Hole doping and surface functionalization of single-walled carbon nanotube chemiresistive sensors for ultrasensitive and highly selective organophosphor vapor detection.

We developed a chemiresistive sensor based on doped and functionalized semiconducting single-walled carbon nanotube (SWNT) networks for ultrasensitive and rapid detection of dimethyl methylphosphonate (DMMP) (simulant of nerve agent sarin) vapor. The semiconducting SWNT network was deposited between interdigitated electrodes and modified by solid organic acid tetrafluorohydroquinone (TFQ). The TFQ molecules could not only selectively bind DMMP onto the sidewalls of SWNTs via the strong hydrogen bonding interaction, but also tailor the electronic properties of SWNTs via heavy hole doping. This synergetic effect significantly improved the sensitivity of the devices, and enabled the sensors to easily detect DMMP at 20 parts-per-trillion (ppt) concentration with a response time of less than 2 min, without the need for pre-concentration of the analytes.
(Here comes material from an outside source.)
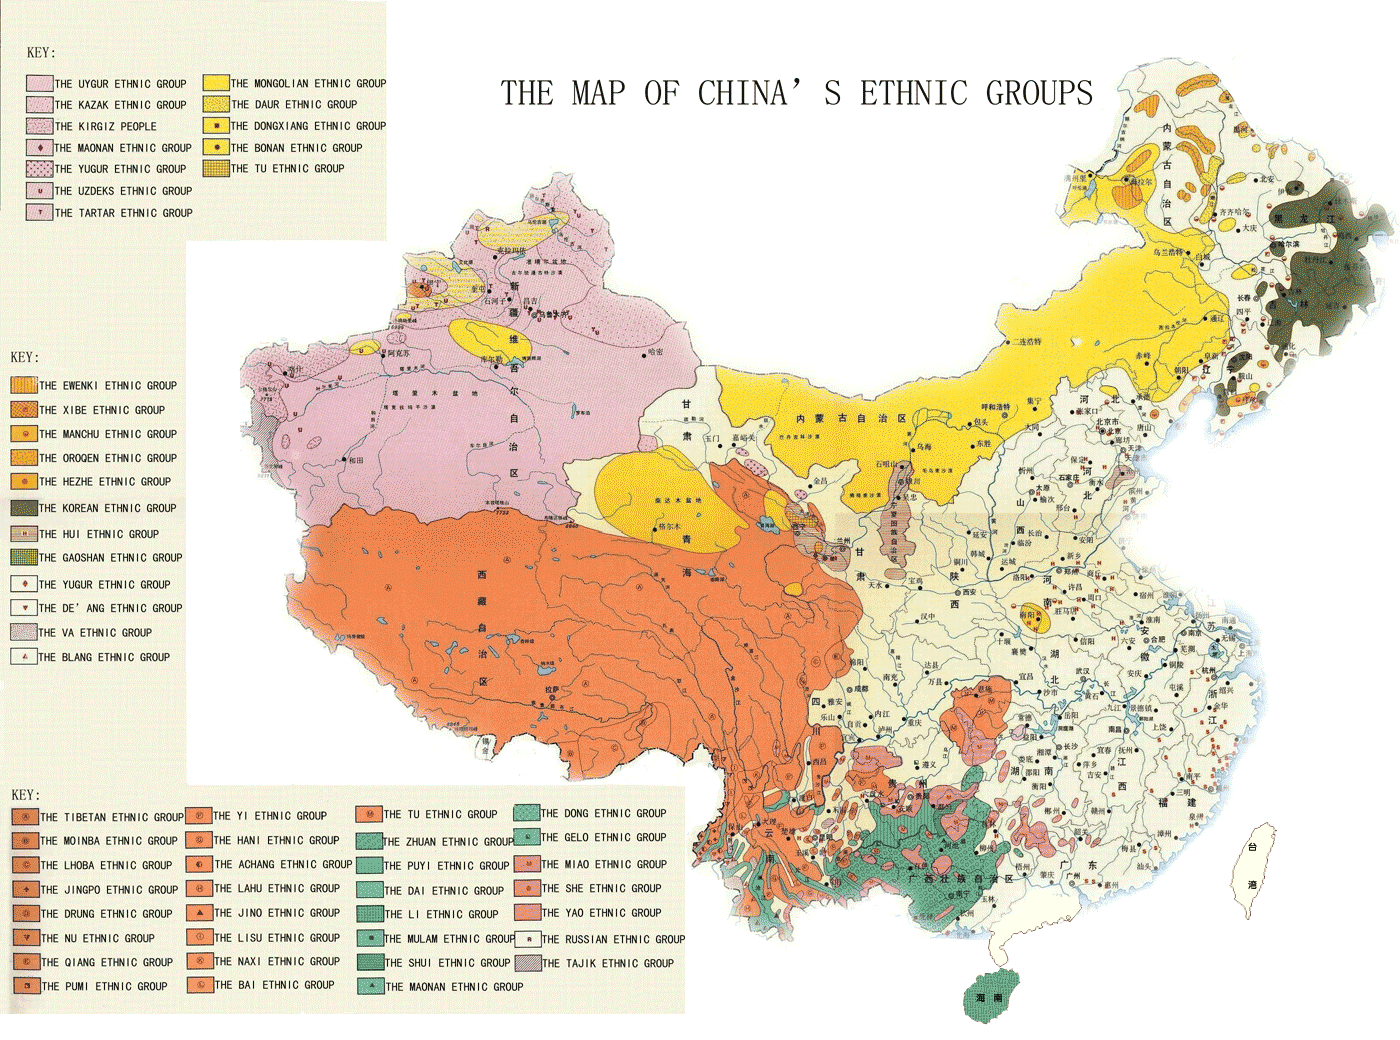 ჩინური საზოგადოების მრავალფეროვნება (56 ეთნიკური უმცირესობა)

This sensitivity is about five orders of magnitude higher than that of the unmodified SWNT chemiresistor, and also significantly higher than that of the functionalized SWNT chemiresistors previously reported. Moreover, the SWNT-TFQ sensors could be recovered when DMMP is replaced with referencing gas. The SWNT-TFQ sensors also show excellent selectivity toward DMMP over some interfering organic vapors. The response mechanism, i.e. charge transfer and dedoping was investigated.